Hello List,
My last question re: copyright got some good feedback from the list, so I want to see if you all have any suggestions for my next query...
Let's say that I'm interested in creating an online index to Latin dictionaries. My index will include lemmata drawn from many different lexica, in print and out of print. Just the lemmata - not the dictionary entries. What are the copyright implications? Does a lemma in a dictionary count as "intellectual property"? Does reprinting the entire list of lemmata from a dictionary count as infringement?
Or do I really need to talk to a lawyer?
Thanks, Dot
I'm not a lawyer, though I play one with the neighbours. But I'd say you are adding significant intellectual work, and not obviously reproducing the text of the dictionary. If you are dealing with a whole bunch of dictionaries, then you are certainly on safe ground, I'd guess. If you are reproducing just one, then you might be in more trouble, though I'd guess not, since the lemma list is not the point of your collection. Presumably an index is similar to a concordance.
-d
On Tue, 2006-06-06 at 10:36 -0400, Dot Porter wrote:
Hello List,
My last question re: copyright got some good feedback from the list, so I want to see if you all have any suggestions for my next query...
Let's say that I'm interested in creating an online index to Latin dictionaries. My index will include lemmata drawn from many different lexica, in print and out of print. Just the lemmata - not the dictionary entries. What are the copyright implications? Does a lemma in a dictionary count as "intellectual property"? Does reprinting the entire list of lemmata from a dictionary count as infringement?
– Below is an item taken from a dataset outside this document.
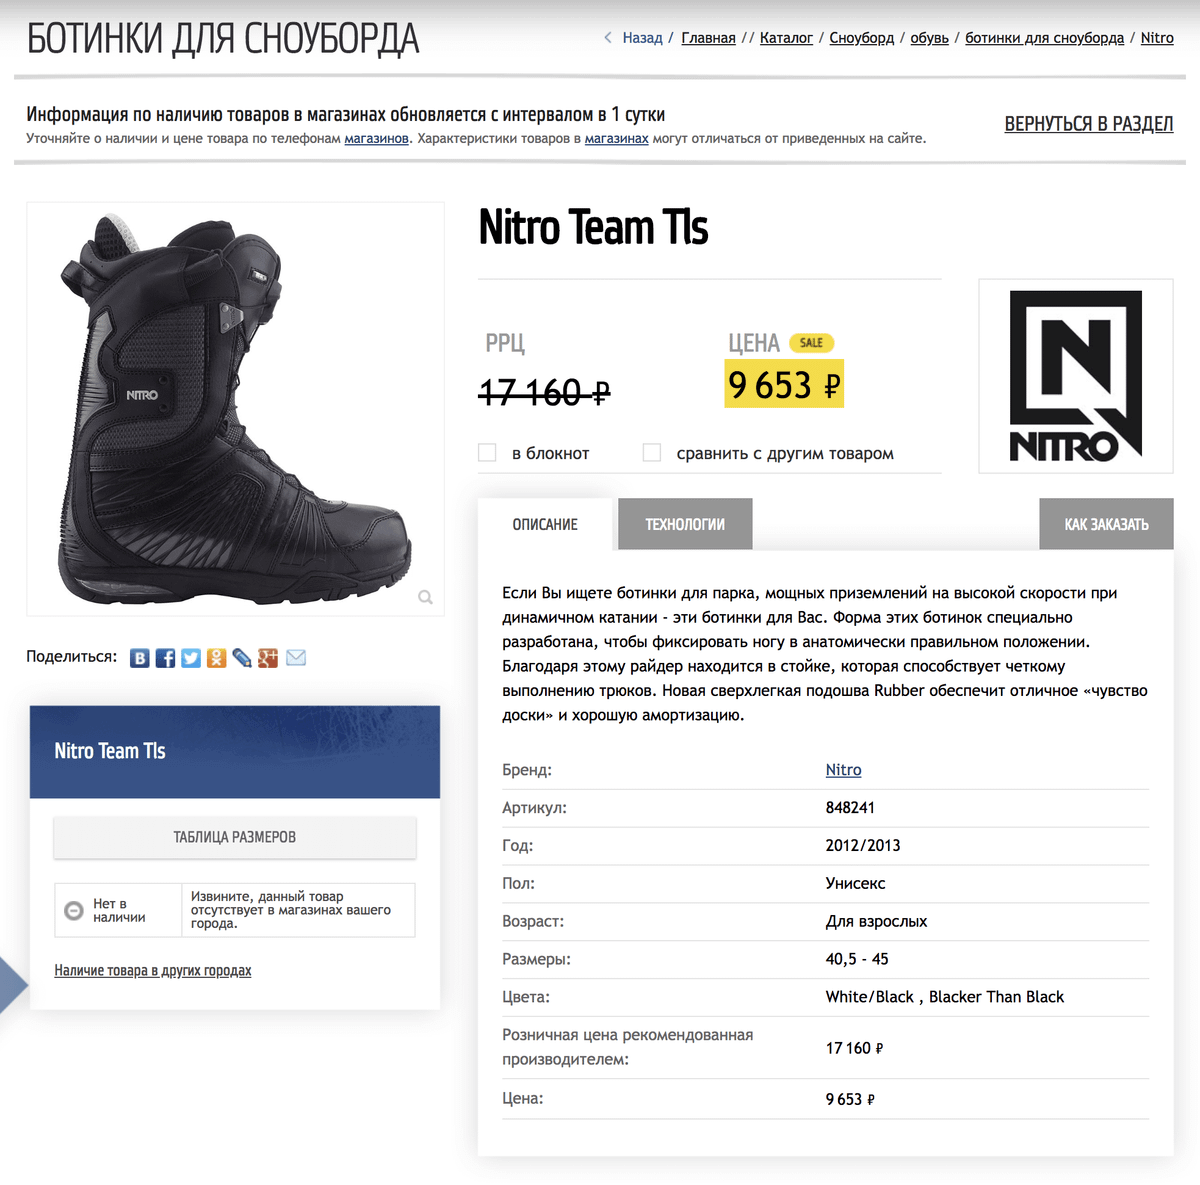 Новые ботинки той же фирмы в интернет-магазине за 9653 <span class=ruble>Р</span>. Источник: Триал-спорт

Or do I really need to talk to a lawyer?
Thanks, Dot
Hi Dot, hello everybody,
Let's say that I'm interested in creating an online index to Latin dictionaries. My index will include lemmata drawn from many different lexica, in print and out of print. Just the lemmata - not the dictionary entries. What are the copyright implications? Does a lemma in a dictionary count as "intellectual property"? Does reprinting the entire list of lemmata from a dictionary count as infringement?
My interpretation would be that lemmata are part of the word pool one can have from the knowledge of a language. And as you want to point to the lexicon or dictionary it appears to me as a citation which usually is covered by copyright laws as scientific use of a work. And as you are compiling an index of different works you are not really reprinting them but creating another work which should be allowed anyway. If at last you add lemmata on your own you pass the limits of just reusing what has been there already. ;-)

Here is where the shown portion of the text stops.